简体   繁体   中英

debugging a process spawned with CreateProcess in Visual Studio

I've created a Windows/C++/WTL application that spawns a child process. The two processes communicate via anonymous pipes.

I'd like to be able to debug the child process.

Since both parent and child projects are in the same solution in Visual Studio 2008, is there any way to tell VS2008 that I'd like the debugger to debug both processes?

When I start the debugger with the parent process, the debugger won't break on any breakpoints in the child process code.

And since the child process is spawned by the parent process, I can't think of an easy way of attaching the child process (maybe via another instance of VS2008) when it's spawned.

Any insights greatly appreciated!

Plenty of options:

  • You can debug multiple .exes with one instance of the debugger by using Debug + Attach. I however always use two instances of Visual Studio, use Debug + Attach in the second one.

  • You could put a __debugbreak() in the child's code, the JIT debugger window will prompt you to select a debugger.
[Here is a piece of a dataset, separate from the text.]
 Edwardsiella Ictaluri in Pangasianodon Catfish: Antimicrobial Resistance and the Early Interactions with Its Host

  • You can use the "Image File Execution Options" registry key to automatically launch a debugger as soon as the child .exe is started. Add a key named HKEY_LOCAL_MACHINE\\SOFTWARE\\Microsoft\\Windows NT\\CurrentVersion\\Image File Execution Options\\YourApp.exe, set its "Debugger" value to "vsjitdebugger.exe"

  • There is a VS add-in that makes it easier yet, haven't tried it myself yet.
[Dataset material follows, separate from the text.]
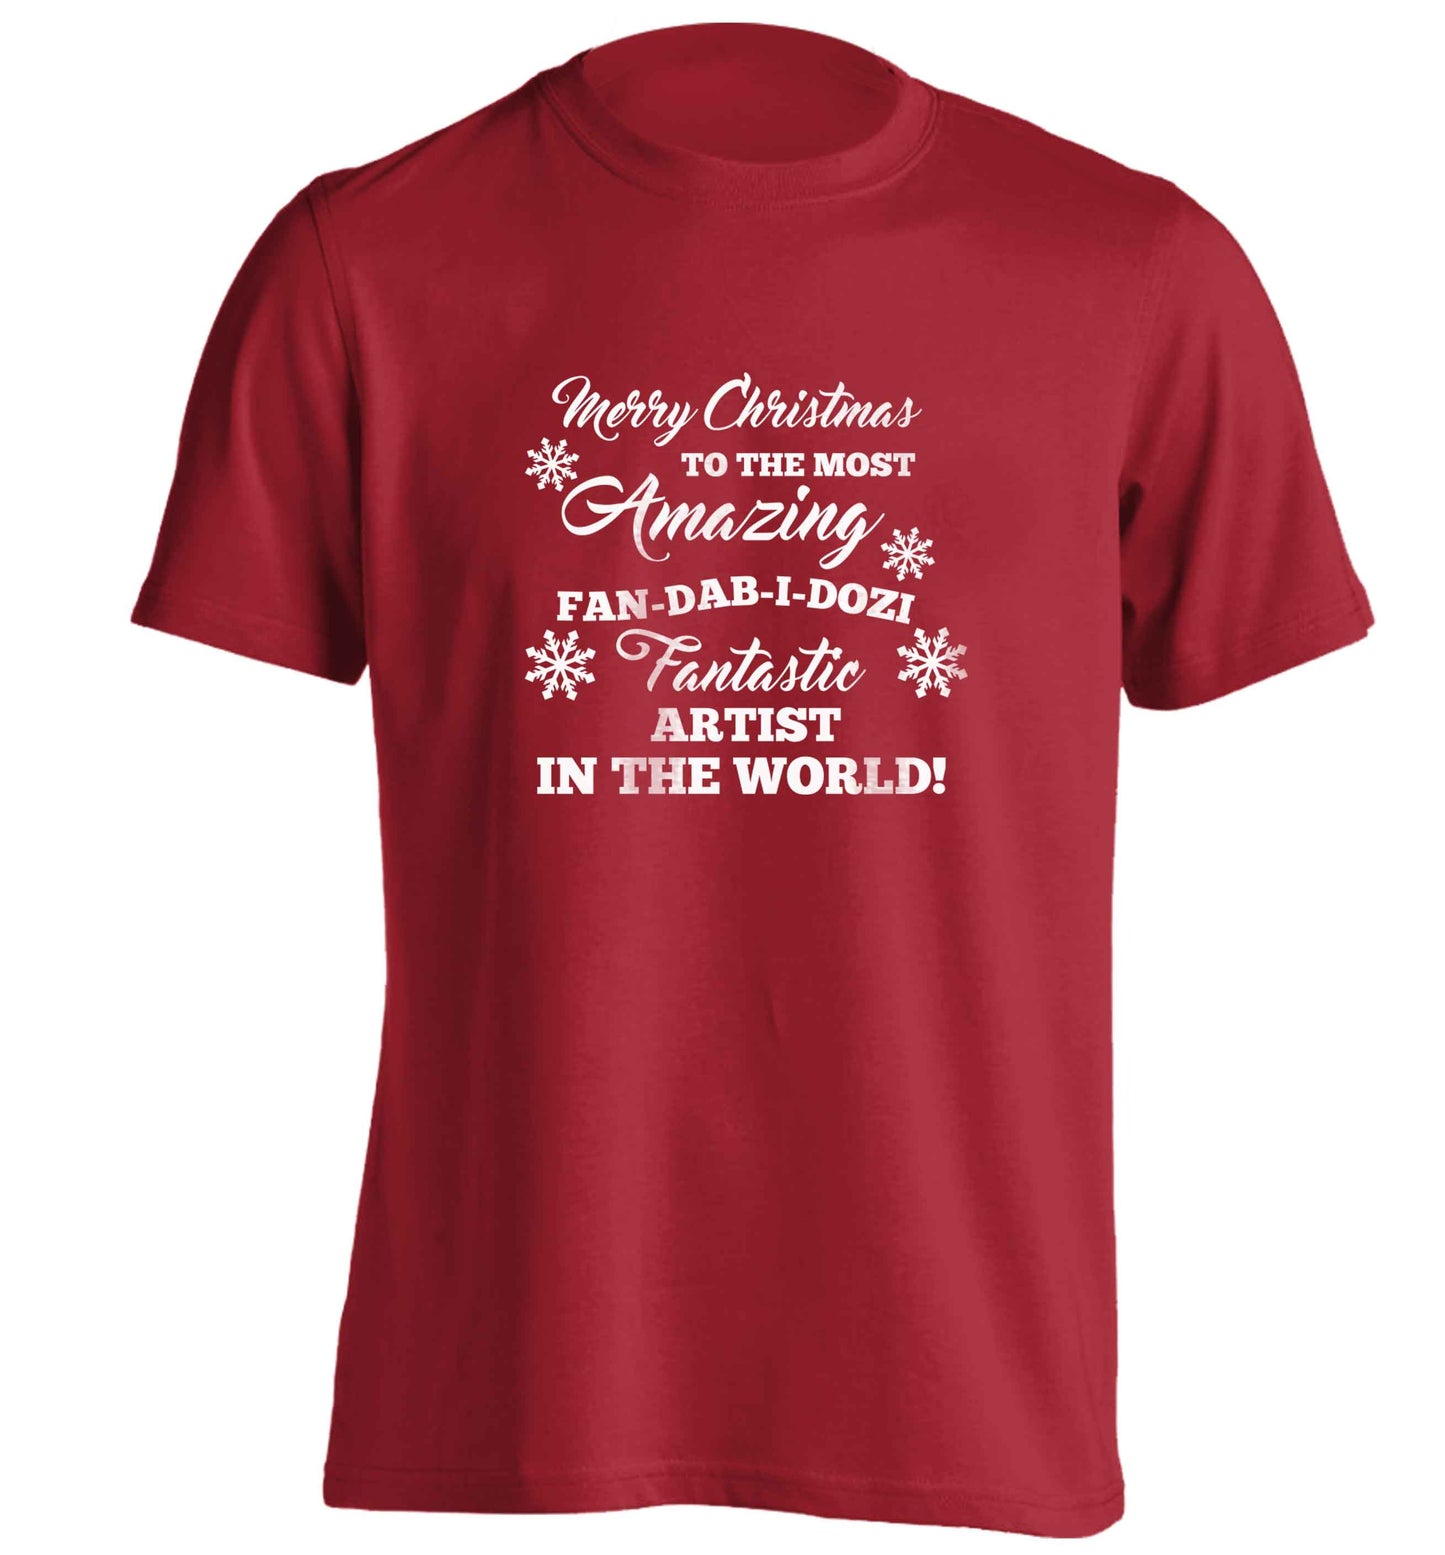 Merry Christmas to the most amazing artist in the world! adults unisex red Tshirt 2XL

You can temporarily put in a call to DebugBreak() somewhere in the startup code of your child process. This will cause Windows to prompt you if you want to debug that process.
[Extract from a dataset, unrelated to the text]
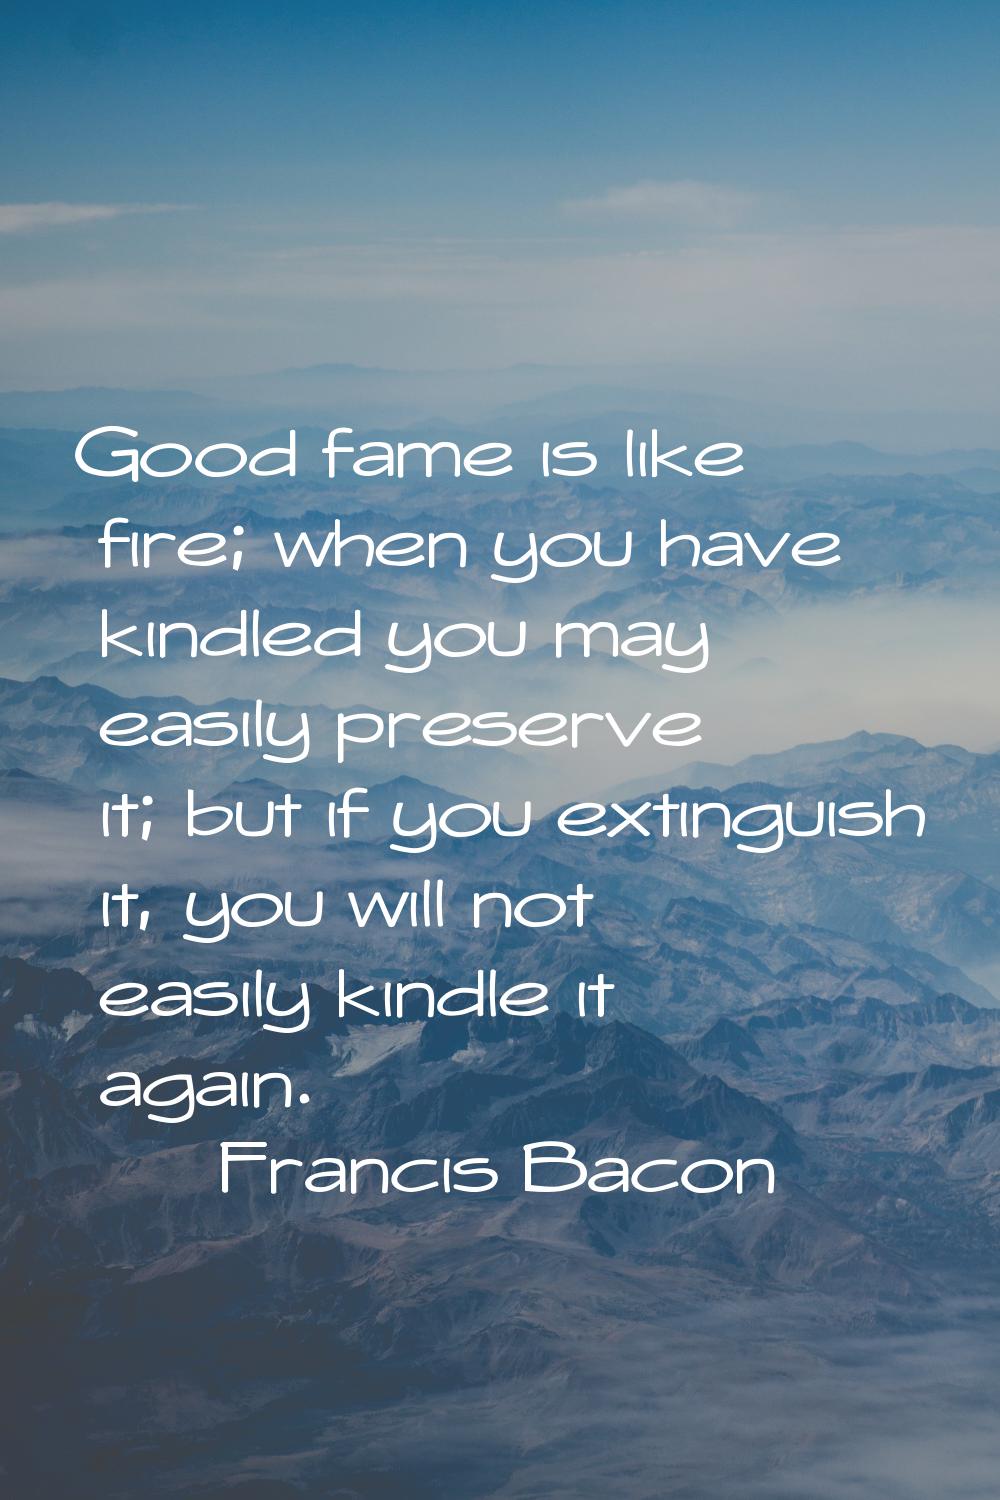 Good fame is like fire; when you have kindled you may easily preserve it; but if you extinguish it,

You could put a global named mutex around your CreateProcess call, and then try to grab the mutex in the child process. If you then put a breakpoint on the CreateProcess call, you should have time to attach to the child before it does anything substantial.

Note that you would miss anything that happens before main in the child process.

edit: As an example, something like this, untested:

// parent.cpp
HANDLE hMutex = ::CreateMutex(NULL, TRUE, "Global\\some_guid");
::CreateProcess(...);
::ReleaseMutex(hMutex); // breakpoint here
::CloseHandle(hMutex);

// child.cpp
int main(...)
{
  HANDLE hMutex = ::OpenMutex(MUTEX_ALL_ACCESS, FALSE, "Global\\some_guid");
  ::WaitForSingleObject( hMutex, INFINITE );
  ::CloseHandle(hMutex);

  ...
}

You would probably want to wrap it with #if _DEBUG or environment variable checks.